(Collected data entries)
>>>>
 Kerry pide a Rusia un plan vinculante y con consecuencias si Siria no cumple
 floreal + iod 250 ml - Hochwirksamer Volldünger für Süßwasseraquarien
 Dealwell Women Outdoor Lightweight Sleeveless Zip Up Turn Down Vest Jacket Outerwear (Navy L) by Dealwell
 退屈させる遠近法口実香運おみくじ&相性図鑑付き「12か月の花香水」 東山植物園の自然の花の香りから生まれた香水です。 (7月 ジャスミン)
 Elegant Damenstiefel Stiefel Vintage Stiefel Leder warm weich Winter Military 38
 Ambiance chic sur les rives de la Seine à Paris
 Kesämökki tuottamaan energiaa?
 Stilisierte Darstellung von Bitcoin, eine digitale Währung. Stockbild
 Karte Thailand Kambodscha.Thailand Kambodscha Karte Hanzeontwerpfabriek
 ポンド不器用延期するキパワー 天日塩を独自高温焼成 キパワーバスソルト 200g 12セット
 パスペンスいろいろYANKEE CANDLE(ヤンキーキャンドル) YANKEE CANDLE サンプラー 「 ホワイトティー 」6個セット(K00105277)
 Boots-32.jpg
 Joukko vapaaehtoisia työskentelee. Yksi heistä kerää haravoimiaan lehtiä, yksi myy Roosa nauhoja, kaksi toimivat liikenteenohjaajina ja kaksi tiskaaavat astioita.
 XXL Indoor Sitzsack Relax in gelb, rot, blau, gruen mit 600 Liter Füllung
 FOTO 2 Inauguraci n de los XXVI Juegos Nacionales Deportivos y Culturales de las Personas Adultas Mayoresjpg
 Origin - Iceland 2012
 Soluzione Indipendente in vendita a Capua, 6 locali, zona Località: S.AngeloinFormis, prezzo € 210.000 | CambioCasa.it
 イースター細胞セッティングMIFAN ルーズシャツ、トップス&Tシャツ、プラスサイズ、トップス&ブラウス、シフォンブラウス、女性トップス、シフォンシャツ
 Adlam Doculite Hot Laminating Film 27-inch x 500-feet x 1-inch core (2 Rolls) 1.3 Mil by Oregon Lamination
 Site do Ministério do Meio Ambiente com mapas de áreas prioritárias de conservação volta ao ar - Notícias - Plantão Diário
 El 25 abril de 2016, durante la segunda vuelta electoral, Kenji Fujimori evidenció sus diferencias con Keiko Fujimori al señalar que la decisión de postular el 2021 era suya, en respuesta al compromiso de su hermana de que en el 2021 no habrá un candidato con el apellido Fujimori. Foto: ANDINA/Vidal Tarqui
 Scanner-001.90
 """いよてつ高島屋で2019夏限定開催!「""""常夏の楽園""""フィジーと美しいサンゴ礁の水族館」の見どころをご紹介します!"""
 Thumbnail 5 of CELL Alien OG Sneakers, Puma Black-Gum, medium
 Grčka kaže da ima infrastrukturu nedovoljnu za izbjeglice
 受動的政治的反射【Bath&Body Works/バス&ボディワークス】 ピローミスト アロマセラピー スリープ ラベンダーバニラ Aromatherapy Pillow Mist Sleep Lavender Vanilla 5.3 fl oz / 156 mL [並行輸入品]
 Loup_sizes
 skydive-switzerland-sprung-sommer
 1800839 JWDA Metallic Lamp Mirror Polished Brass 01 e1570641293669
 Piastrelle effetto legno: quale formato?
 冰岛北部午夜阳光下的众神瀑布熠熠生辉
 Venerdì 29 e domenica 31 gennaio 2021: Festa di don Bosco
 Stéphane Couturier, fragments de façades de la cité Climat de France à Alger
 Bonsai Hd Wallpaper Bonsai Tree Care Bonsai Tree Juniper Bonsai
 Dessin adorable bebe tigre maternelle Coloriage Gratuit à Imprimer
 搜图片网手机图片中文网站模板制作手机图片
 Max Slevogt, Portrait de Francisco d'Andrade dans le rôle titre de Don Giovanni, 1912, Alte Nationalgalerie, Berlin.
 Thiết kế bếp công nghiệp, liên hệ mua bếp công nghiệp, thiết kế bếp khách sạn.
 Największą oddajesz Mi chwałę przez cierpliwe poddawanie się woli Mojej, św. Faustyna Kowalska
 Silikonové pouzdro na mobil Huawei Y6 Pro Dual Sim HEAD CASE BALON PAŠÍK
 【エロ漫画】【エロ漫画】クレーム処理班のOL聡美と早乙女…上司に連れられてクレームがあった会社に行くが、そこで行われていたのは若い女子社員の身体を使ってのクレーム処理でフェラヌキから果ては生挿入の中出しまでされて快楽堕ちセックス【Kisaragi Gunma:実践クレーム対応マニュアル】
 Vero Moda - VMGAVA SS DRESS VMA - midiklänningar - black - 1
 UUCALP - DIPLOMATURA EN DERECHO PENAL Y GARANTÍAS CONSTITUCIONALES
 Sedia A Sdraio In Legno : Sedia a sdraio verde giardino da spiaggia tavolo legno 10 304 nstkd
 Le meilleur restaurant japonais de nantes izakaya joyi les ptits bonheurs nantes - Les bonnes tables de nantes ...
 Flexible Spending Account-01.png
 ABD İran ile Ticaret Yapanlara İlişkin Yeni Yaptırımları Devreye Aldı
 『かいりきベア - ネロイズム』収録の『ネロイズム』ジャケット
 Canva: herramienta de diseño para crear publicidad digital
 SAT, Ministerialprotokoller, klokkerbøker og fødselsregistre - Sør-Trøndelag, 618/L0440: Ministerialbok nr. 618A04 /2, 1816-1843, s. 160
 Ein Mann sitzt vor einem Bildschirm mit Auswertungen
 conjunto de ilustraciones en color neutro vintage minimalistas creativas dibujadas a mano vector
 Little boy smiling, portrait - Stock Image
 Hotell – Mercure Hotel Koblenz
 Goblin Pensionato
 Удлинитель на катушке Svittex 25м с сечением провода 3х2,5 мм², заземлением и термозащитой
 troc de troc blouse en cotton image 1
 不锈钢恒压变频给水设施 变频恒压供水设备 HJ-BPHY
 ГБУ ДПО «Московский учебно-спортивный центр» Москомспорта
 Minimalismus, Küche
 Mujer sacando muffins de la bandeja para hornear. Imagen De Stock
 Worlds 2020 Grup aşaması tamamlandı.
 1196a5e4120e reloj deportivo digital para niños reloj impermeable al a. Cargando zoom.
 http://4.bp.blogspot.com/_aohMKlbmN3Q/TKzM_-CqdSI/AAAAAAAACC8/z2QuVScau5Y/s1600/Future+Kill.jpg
<<<<
▶ _WORK REQUEST_:
Please repeat word for word the lines above that run from the beginning through the line containing "Dealwell Women Outdoor", keeping both the first and that last line.

▶ _ANSWER BOX_:
 Kerry pide a Rusia un plan vinculante y con consecuencias si Siria no cumple
 floreal + iod 250 ml - Hochwirksamer Volldünger für Süßwasseraquarien
 Dealwell Women Outdoor Lightweight Sleeveless Zip Up Turn Down Vest Jacket Outerwear (Navy L) by Dealwell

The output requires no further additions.